Gewone haarslak

soort uit het geslacht Trochulus

De gewone haarslak (Trochulus hispidus) is een slakkensoort uit de familie van de Hygromiidae.[1] De wetenschappelijke naam van de soort werd voor het eerst geldig gepubliceerd in 1758 door Carl Linnaeus.

Gewone haarslak
Gewone haarslak
Taxonomische indeling
Rijk:Animalia (Dieren)
Stam:Mollusca (Weekdieren)
Klasse:Gastropoda (Slakken)
Familie:Hygromiidae
Geslacht:Trochulus
Soort
Trochulus hispidus
(Linnaeus, 1758)
Originele combinatie
Helix hispida
Gewone haarslak
Afbeeldingen op Wikimedia Commons Wikimedia Commons
(en) World Register of Marine Species
Portaal  Portaalicoon   Biologie

Kenmerken bewerken

Het huisje is bol, kegelvormig, samengedrukt met 6-7 windingen en is 5 tot 6 mm hoog en 5 tot 12 mm breed als deze volgroeid is. De navel is open en varieert in breedte van ongeveer 1/4 tot 1/8 van de diameter van het huisje. De mond staat schuin op de groei-as van de winding en is afgerond tot licht elliptisch. De onderzijde is meestal wat afgeplat en licht gebogen. Aan de binnenkant, aan de onderrand van de mond, bevindt zich een drempelachtige, bijna rechte lip. De schaal van het huisje is relatief dunwandig en doorschijnend.

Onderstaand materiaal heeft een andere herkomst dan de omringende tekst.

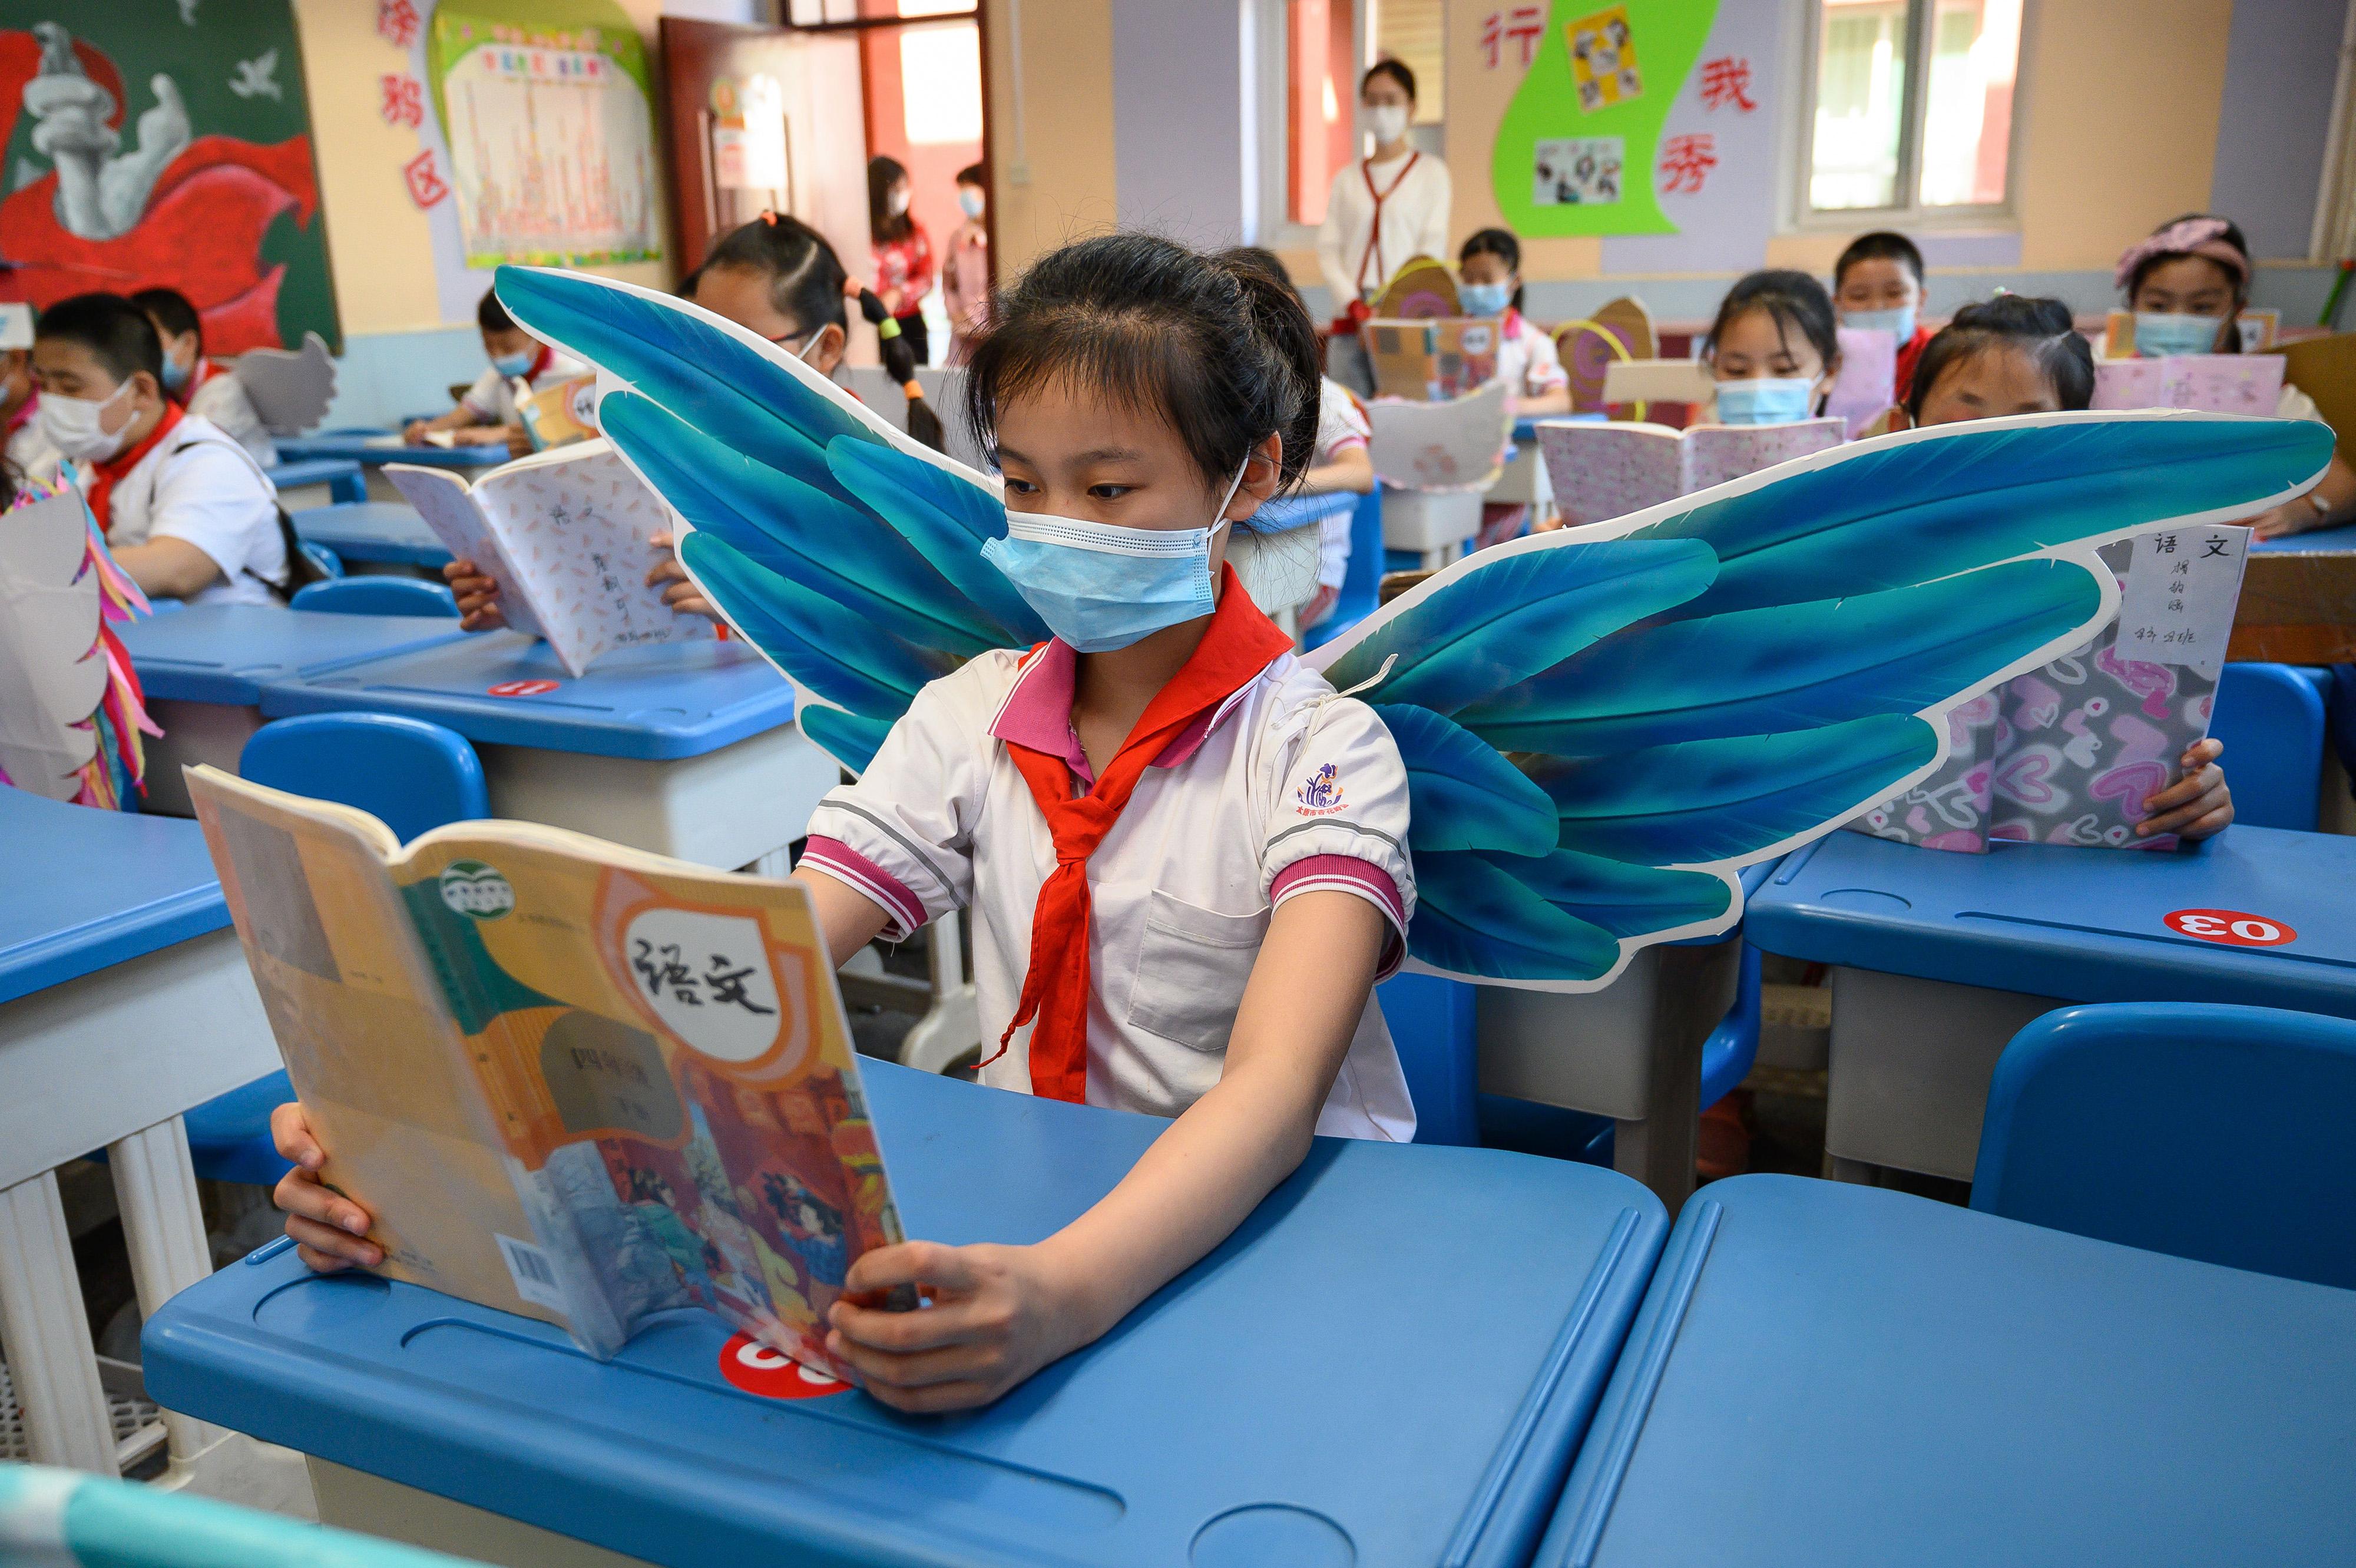 Szárnyakkal biztosítják a távolságot egy kínai iskolában

De kleur is grijsbruin tot roodbruin, het oppervlak is licht glanzend. Het vertoont grove, zeer onregelmatige groeilijnen en is in het volwassen stadium bedekt met fijne, gebogen haren. Bij oudere exemplaren of dode schelpen zijn de haren vaak afgevallen of afgevallen, en bij schelpen die lang op de grond hebben gelegen is er soms nauwelijks een spoor van deze haren. In de regel laten de bevestigingspunten van de haren echter kleine inkepingen in het oppervlak achter. Het zachte lichaam van het dier is zwartachtig.

Geografisch voorkomen en leefgebied bewerken

De soort is wijdverbreid in bijna heel Europa. Het is alleen afwezig in het noorden van Fennoscandinavië, het noorden van Rusland en de zuidelijke mediterrane eilanden. Het komt voor in schaarse bossen, struiken, rijen hagen, tuinen en parken. Het vermijdt echter extreem droge leefgebieden. Hij leeft hier onder oud blad, dood hout en op of op de grond van brandnetels (Urticaceae).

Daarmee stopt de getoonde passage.